There are some obvious practical reasons why you might want to avoid provoking the big, drunk guy in the bar. After all, he's bigger than you. However, according to a new study, there's another more psychological reason to be wary - heavier men are, on average, more likely to be aggressive when drunk than are lighter men. Nathan DeWall and colleagues say their finding is consistent with evolutionary theory and research on embodied cognition.

Over five hundred women (average weight 149 lb) and men (average weight 183 lb), aged 21 to 35, consumed either an alcoholic beverage or a placebo drink before taking part in a reaction time contest. The winner of each round had the opportunity to inflict an electric shock on their opponent. Their choices of how strong and long a shock to inflict was the measure of aggression. Unbeknown to the participants, their opponent was fictitious and the game was fixed so that they won fifty per cent of the rounds.

The key finding was that among the male participants only, alcohol interacted with body weight to predict aggression. That is, heavier men who had an alcoholic drink tended to be more aggressive than those who had an alcohol-free placebo drink. By contrast, having an alcoholic vs. placebo drink made little difference to the aggression of lighter men.

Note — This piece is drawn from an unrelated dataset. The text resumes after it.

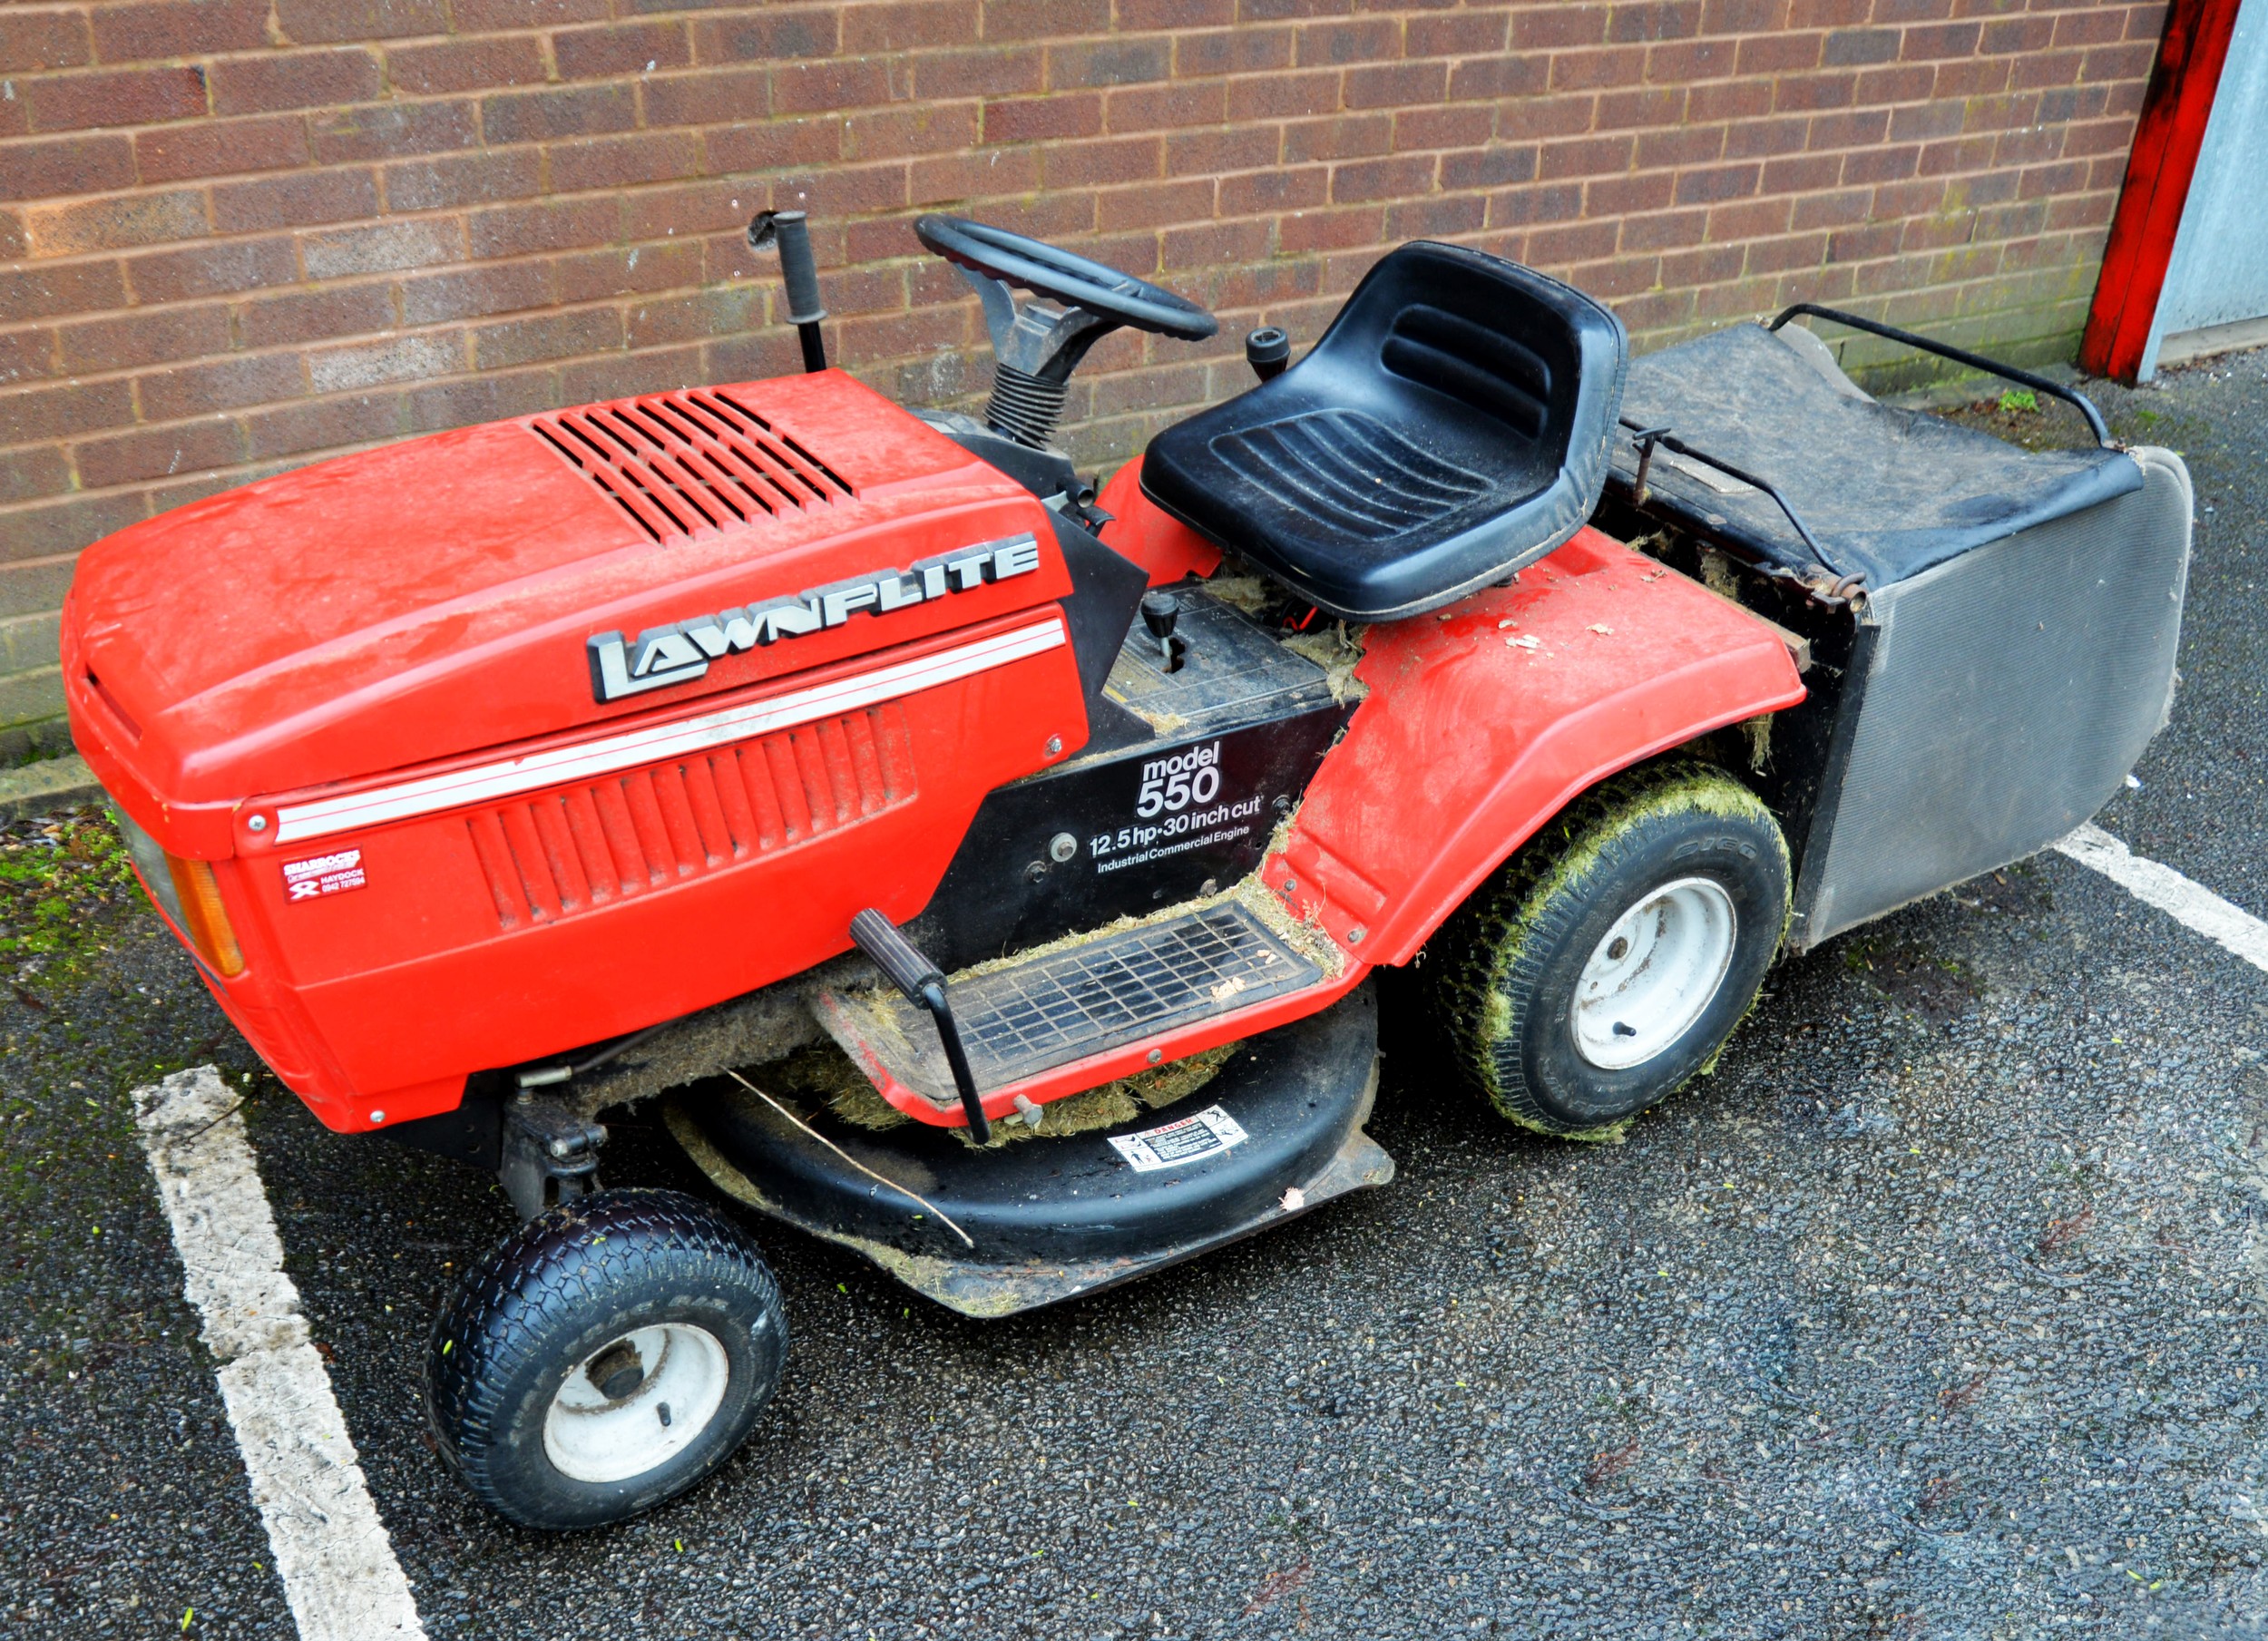 A SIT-ON LAWN MOWER, LAWNFITE, MODEL 550, 12.5 HP, 30" BLADE CUT, WITH KEY AND MANUALS - Image 2 of 4

Another way of looking at the results was that, among men who had the alcoholic drink, those who were heavier tended to be more aggressive. For the female participants, their weight bore no relation to their aggressiveness. These same findings were replicated in a second study with a further 327 men and women.

It makes sense in terms of evolutionary theory that bigger men should be more prone to aggression, the researchers said, because 'they're more able than weaker men to inflict costs on others in conflict situations.' The same isn't true for women because even those who are larger will usually be smaller and weaker than potential male adversaries.

An association between weight and aggression is also predicted by embodied cognition, the researchers said. This is the idea that the way we think about abstract concepts is rooted in physical metaphors. One example is that we think about importance in terms of weight, thus leading heavier people to feel more important and entitled to special treatment.

Consistent with both these theoretical arguments, past research has indeed found that physical size is related to aggression. However, DeWall's team said their new study is the first to show that weight is a predictor of alcohol-induced increases in aggression. 'It seems that alcohol reduced the inhibition for heavy men to "throw their weight around" and intimidate others by behaving aggressively,' they said.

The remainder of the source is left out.